Pour aller plus loin, nous vous invitons à consulter sur le site de la Société française d'endocrinologie (SFE)un article de la revue Médecine Clinique endocrinologie & diabète (n° 56, jan-fév. 2012, pp.25-28) qui recense les différents traitements de lutte contre la douleur neuropathique : les anti-dépresseurs, les anti-épileptiques, le clonazépam, les opioïdes.
www.sfendocrino.org/_images/mediatheque/articles/pdf/CEEDMM/JNDES2012/jndes%20hartemann%20f.pdf

En complément, sur le site de la Faculté de médecine Pierre et Marie Curie (Paris) vous pouvez lire le chapitre « Traitement de la douleur des neuropathies diabétiques douloureuses » de l’article sur les Conséquences du diabète et plus spécifiquement la neuropathie diabétique :
« 1. Equilibration aussi bonne que possible du diabète, au besoin par insulinothérapie dans le mesure où l’hyperglycémie majore la perception douloureuse.
   2. Utilisation d’antalgiques simples (Paracétamol, acide salicylique, anti-inflammatoires non stéroïdiens).
   3. Utilisation d’antidépresseurs tricycliques en commençant par une posologie de 10 à 25 mg par jour en une prise vespérale avec augmentation progressive des doses de 10 à 25 mg une à deux fois par semaine. La dose d’entretien efficace est habituellement de 50 à 100 mg par jour et la dose utile est à poursuivre pendant au moins 3 semaines avant de conclure à une inefficacité du traitement.

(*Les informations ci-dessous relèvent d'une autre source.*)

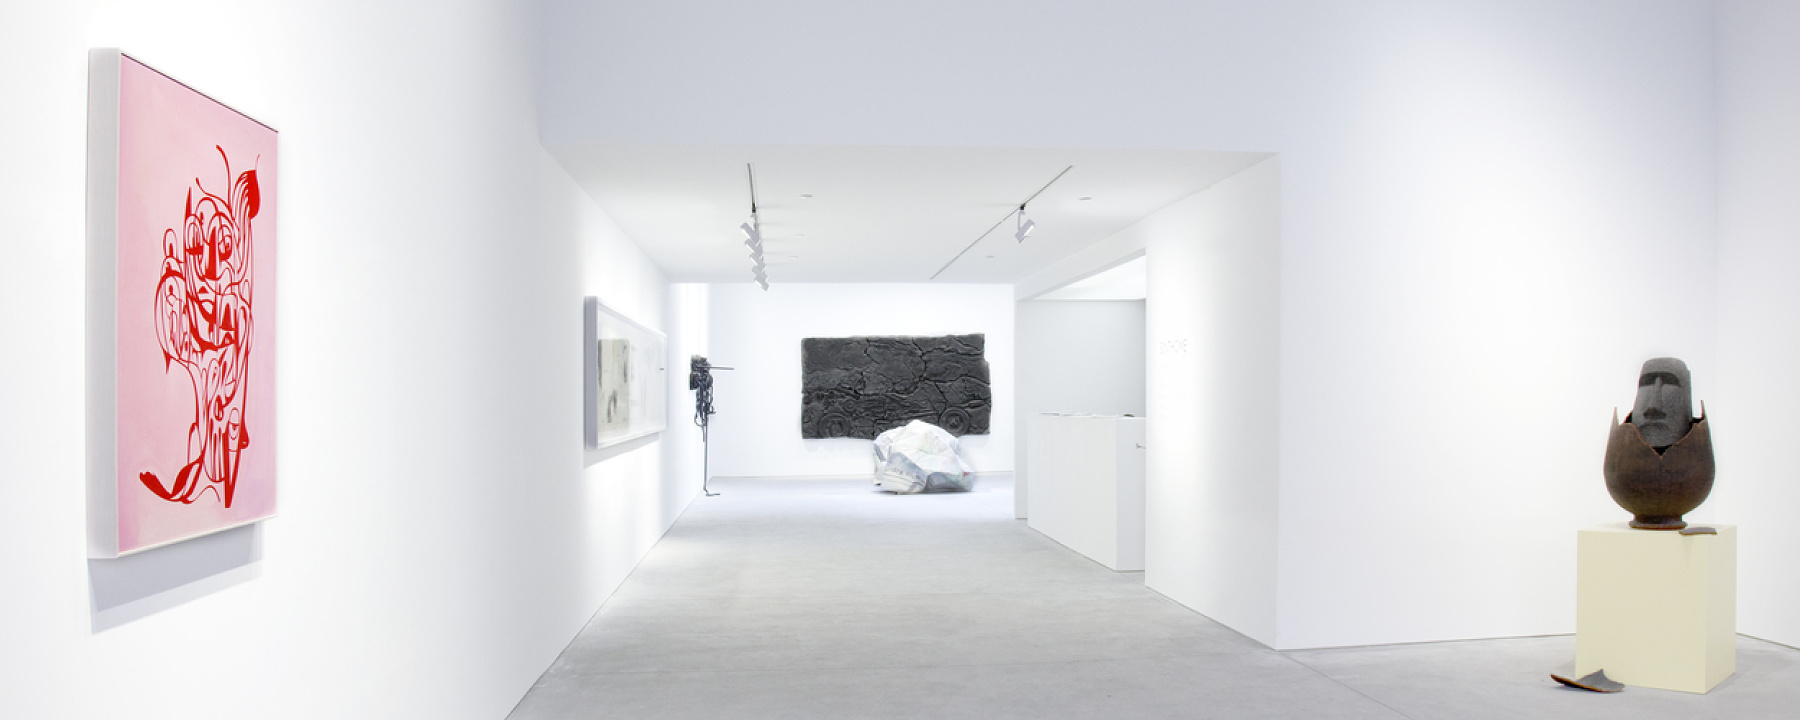 Professional art gallery with track lighting

L’utilisation d’antidépresseurs tricycliques doit respecter les contre-indications suivantes : bloc auriculo-ventriculaire du 2ème degré, hypotension orthostatique symptomatique, adénome prostatique avec risque de rétention aiguë d’urines, glaucome à angle fermé.
4. Les antidépresseurs non tricycliques semblent efficaces dans le traitement de la douleur de la neuropathie, en particulier la Fluoxétine (PROZAC).
5. Les anti-convulsisants type TEGRETOL, DIHYDAN et surtout RIVOTRIL ou NEURONTIN, dont la posologie peut être très progressivement adaptée. Le RIVOTRIL a pour avantage de potentialiser les effets des antidépresseurs. »
www.chups.jussieu.fr/polys/diabeto/POLY.Chp.6.html

Nous vous rappelons que Questions-santé est un service de documentation en ligne sur la santé et n’est pas en mesure de porter d’avis thérapeutique. C’est pourquoi seuls votre médecin traitant et/ou votre diabétologue sont à même de vous prescrire le traitement le mieux adapté à votre maladie en tenant compte de votre état de santé général.

Nous restons bien entendu à votre disposition pour tout complément d’information.

L’Equipe de Questions-santé,
Le service de réponses en ligne de la Cité de la santé.